***
Но мечта превратить все эти многоугольники в приятные взору овалы, шары и цилиндры у парня осталась, а так же раскрасить их в зеленый цвет. Но как это сделать? Все вокруг были яркими и ослепляли… Желтые цвета сменялись красным, красные — на фиолетовые, фиолетовые — на ядовито-черные, а те, в свою очередь, взрывались ярким белым. Это было очень неприятно, поскольку всё это буйство играло на гранях и искрило на остриях. И, взяв в руки желтый материал, приходилось сжимать его, давить, тянуть, пока он не становился округлым и зелёным, после чего он мазался цветом хаки и заливался фиолетовым. После остывания превращался в нежно-зеленый с плавными округлыми линиями, напоминая цветок колокольчика. И в этот шедевр можно было положить еще чего-нибудь этакое, другой оттенок зеленого — хризолитовый или изумрудный. Но как превратить всех в зеленые нежные овалы? Вывод прост — их надо мять, сжимать, давить, тянуть, чтобы выдавить все ядовитые краски и вернуть первоначальный зеленый цвет, придать круглую или овальную форму… И в одну малахитовую ночь, прихватив с собой зеленую змею, он вышел на улицу.
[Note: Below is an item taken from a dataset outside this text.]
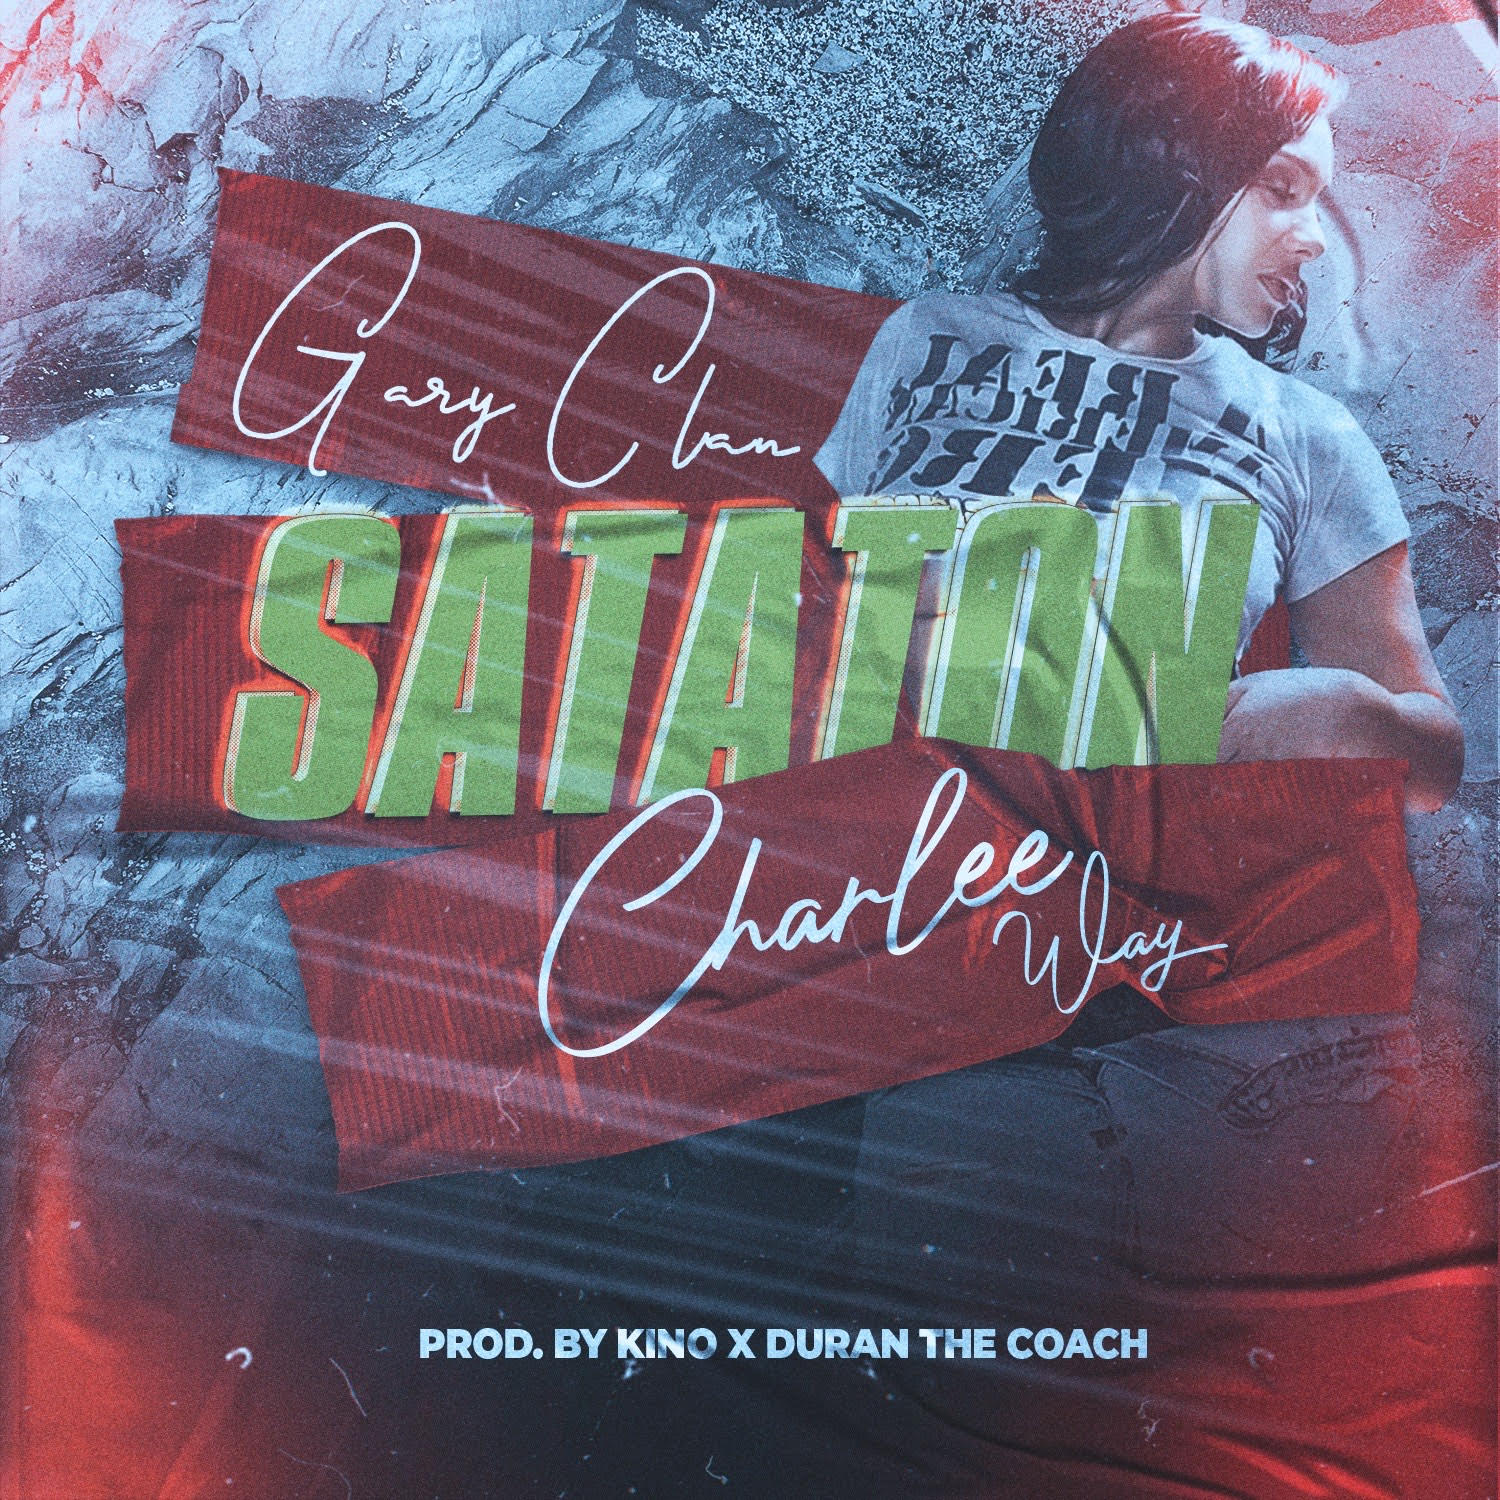 Gary Clan Y Charlee Way – Sataton

Да! Ядовитый оттенок оранжево-синего цвета под давлением стал превращаться в тягучий зеленый сироп, который был заметен лишь сверху, поэтому потом пришлось снять с нового цилиндра его безвкусную оболочку и насладиться видом угасающего оранжевого цвета, переходящего в тягучий зеленый. Крохотная искра синевы погасла на краях сглаживающихся граней, и его существо охватил восторг. Так вот, как надо поступать с этими яркими многоугольниками, чтобы они больше не смогли причинить вред своим светом и гранями. Он очистит этот город от кубов, пирамид, призм и многоугольников! Он сгладит их края, превратив в приятные глазу округлости! Он принесет в этот город умиротворяющую зелень радости и счастья! Теперь и отныне он — охотник на этих мерзких тварей, заполнявших мир своими остриями и гранями, свивающие отвратительные цвета в клубки, из-за чего нормальному человеку невозможно выйти на улицу.***
— Я вижу мертвеца с зеленой кожей и зелеными глазами, — водя карамельной палочкой в чашке шоколада, нараспев проговорила Аллегра О`Ши, — он ходит по городу и насаждает зелень… — Деревья сажает? — спросила Вианн Роше. — Нет… — Аллегра отпила божественный напиток, — он убивает, чтобы помочь этому миру стать зеленым и успокоиться. — Странное у него представление о мире, — Вианн принялась работать с белым шоколадом, — сегодня мне еще доставили три бруска рубинового шоколада, как ты думаешь, что можно из него сделать? — Создадим цветник, — ответила Аллегра, поднимая зеленые глаза, — карамельные цветы и шоколадные розы, марципановые лилии и мастиковые кусты… Всё будет округло и приглушенно. — Это мысль, — одобрила Вианн, — а в кустах будут корзинки с шоколадом… — Будем варить шоколад и пусть запах вырывается на улицу и разносится ветром… — Хорошо. Как раз то, что нужно горожанину во время зимы — яркие краски природы.***
Жан-Батист Гренуй созидал в данный момент еще одну композицию запаха. В этот раз довлели синтетические запахи, химические соединения и грустное настроение творца. Запах кожи соседствовал с запахом нагретого металла, бензин перебивал табак, смог оседал на загрязнённый снег — типичный брутальный мужской запах для городских мачо. Мистер Гренуй подумывал назвать свою новую линию — Impulso della città. Перед его глазами теснились стройные ряды элегантных флаконов, несущих в себе запахи кожи, замши, табака, металла, автомобильных выхлопов, бензина и ракетного топлива. Он уже точно знал, какой флакон будет для этой линии, сколько граней и какого размера. Его грустное настроение начало испаряться, и Жан-Батист принялся за свою горячо любимую работу.***
Ричард Аптон Пикмен пил и творил. А творил он уже Зимние ужасы, но к его любимым тварям на холсте начал примешиваться некий смазанный силуэт с веревкой в руках. Откуда он его взял, художник даже не представлял, но думал, что скорее всего из алкогольного дурмана.***
Эрик Занн репетировал со своим оркестром ораторию Звуки города, а в его голове уже складывалась основа будущей симфонии…***
Ганнибал занимался своей работой, консультируя страждущих.***
А Джон Менд ваял очередную скульптуру без головы, рук и ног, которая выглядела так, как будто в ней взорвался динамит.